= The Prince of West End Avenue =

Novel by Alan Isler

The Prince of West End Avenue is the first novel by American novelist Alan Isler, published in 1994. The novel is a first-person narration by Otto Korner (formerly Körner) and intertwines a comedy about staging Hamlet in a Jewish retirement home, the Emma Lazarus, with flashbacks concerning the early life of the protagonist, his two marriages, the creation of Dada, and the Holocaust.
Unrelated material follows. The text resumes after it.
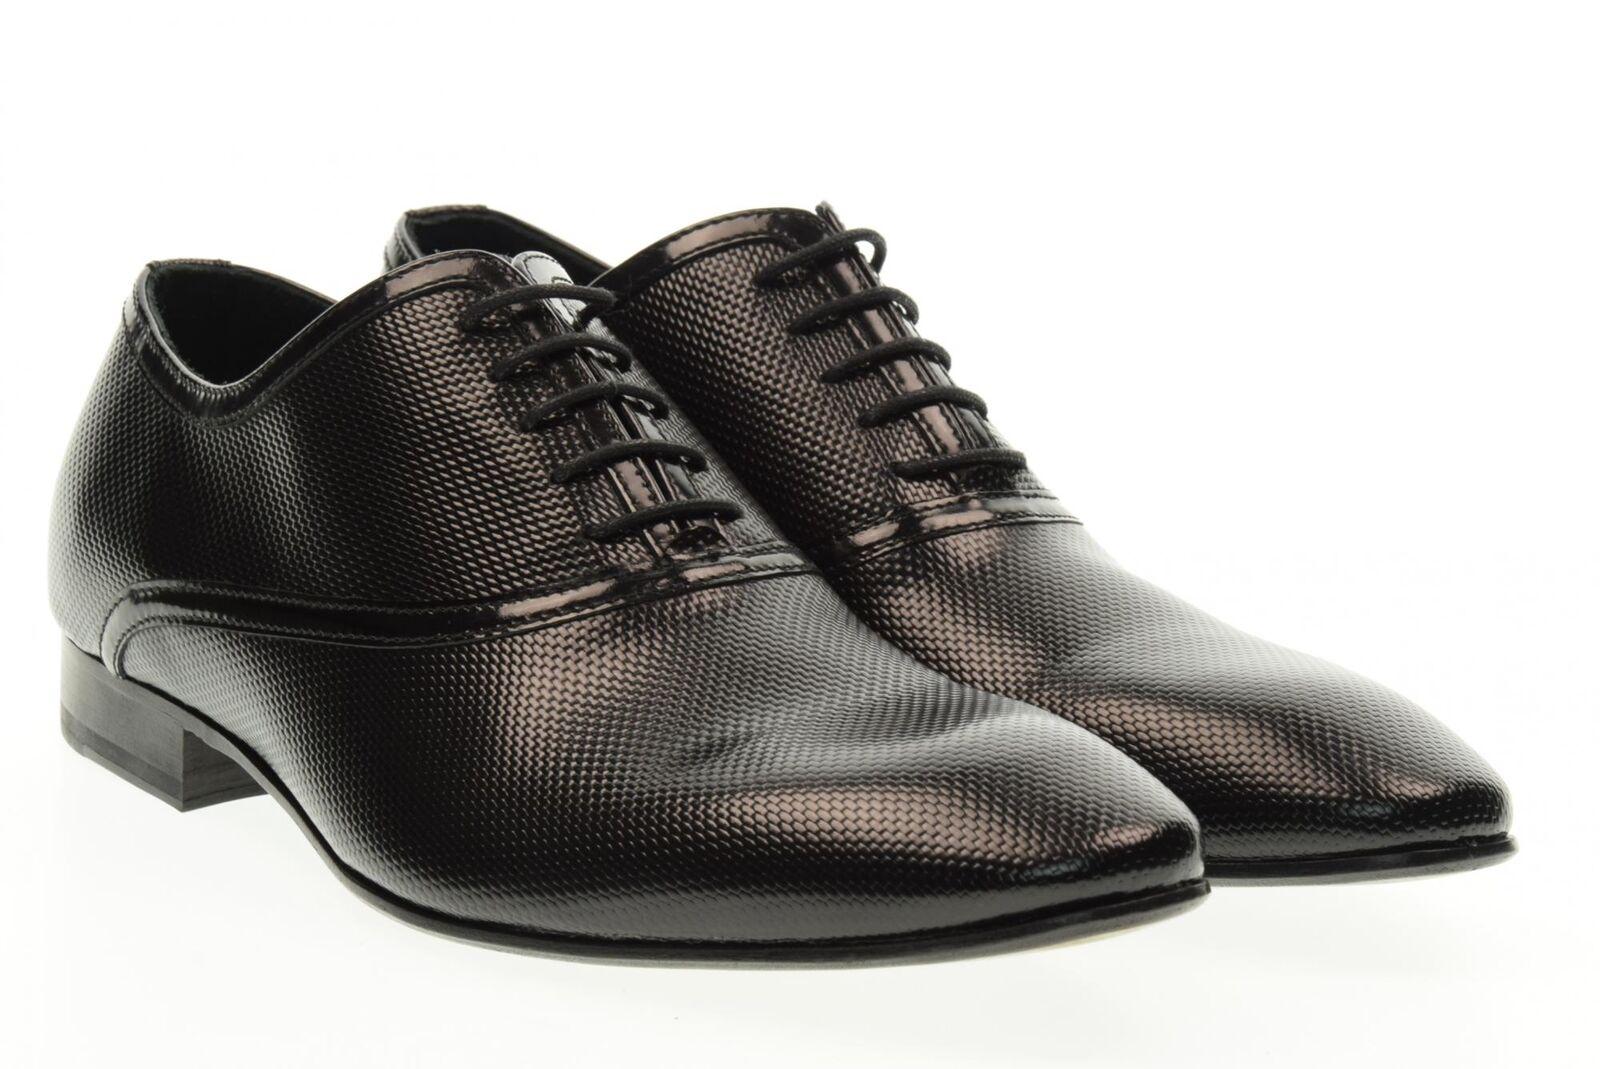 Eveet P17s zapatos de hombre de encaje 16519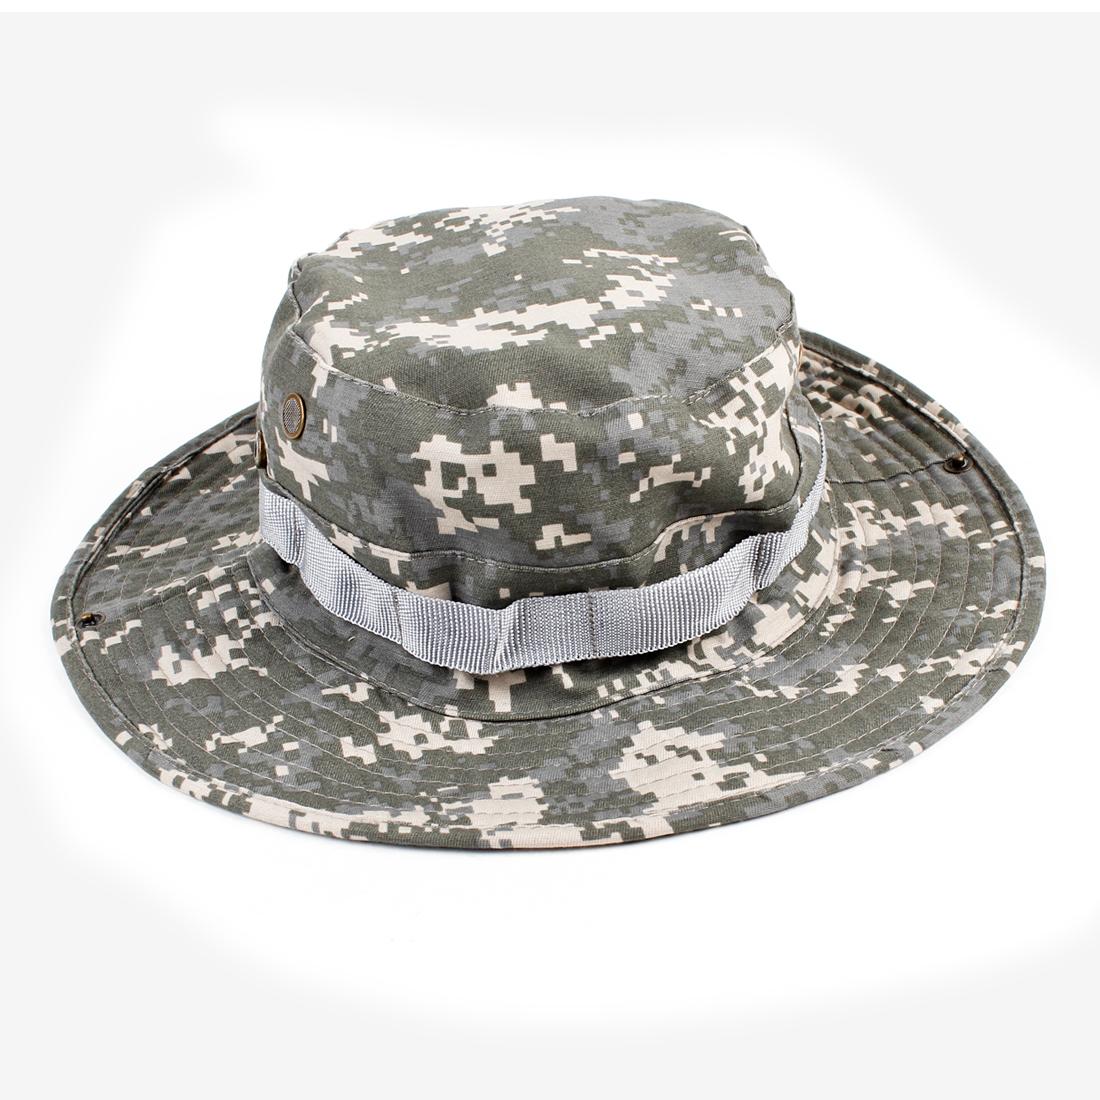 Unisex Camouflage Printed Stitch Decoration Gray Bucket Hat Cap

It won the National Jewish Book Award and the JQ Wingate Prize and was also a finalist for the National Book Critics Circle Award in 1996.

Described by The New York Times as 'a paradoxical tale of how to make peace with an unbearable past and the sin of pride', the novel only reveals the tragic events haunting the narrator just before the end, lending perspective to the comic concerns of the staging of Hamlet.

== Characters ==
- Tuvye Bialkin: occupant of a penthouse room in the Emma Lazarus, who does not appear in the book;
- Freddy Blum: priapic resident of the Emma Lazarus;
- Dr Ralph Comyns: doctor at the Emma Lazarus;
- Magda Damrosch: Hungarian woman Körner meets on the train to Zurich in 1915 and pursues unsuccessfully; she later dies in Auschwitz;
- Mandy Dattner: new physical therapist at the Emma Lazarus who reminds Korner of Magda Damrosch; lover of Dr Comyns;
- Tosca Dawidowicz: resident at the Emma Lazarus;
- Morris (also 'Meurice') Gitlitz: first husband of Alice Krebs;
- Bruce Goldstein: proprietor of Goldstein's Dairy Restaurant on Broadway'
- Lorrie Grabscheidt: resident at the Emma Lazarus;
- Selma Gross: 'portress' at the Emma Lazarus; married to Bernie, a C.P.A who does not appear in the book;
- Benno Hamburger: friend of Korner and co-resident at the Emma Lazarus;
- Kenneth (né Kurt) Himmelfarb: brother-in-law of Otto Korner; married to Lola;
- Richard Huelsenbeck: part of the gang of Dada Nihilist in Zurich in the 1910s;
- Otto Korner (né Körner): former poet, retired librarian, narrator;
- Hugo Körner: son of Otto and Meta;
- Alice Krebs: aka 'The Contessa', Otto Korner's second wife;
- Gerhardt Kunstler: late addition to the residents at the Emma Lazarus; son of a man who worked for Körner's father in Berlin;
- Nahum Litschitz: resident at the Emma Lazarus; in favour of 'fart for fart's sake';
- Meta Infeld: Otto Körner's first wife;
- Hannah (also 'Hermione') Perlmutter: resident at the Emma Lazarus; lover of Benno Hamburger;
- Poliakov: aka The Red Dwarf; resident at the Emma Lazarus;
- Dr Hugo Weisskopf: director of the Emma Lazarus, also called the Kommandant and Dr Scheisskopf;
- Salo Wittkower: resident at the Emma Lazarus;

In addition, there are small parts played by Lenin, James Joyce, and Tristan Tzara.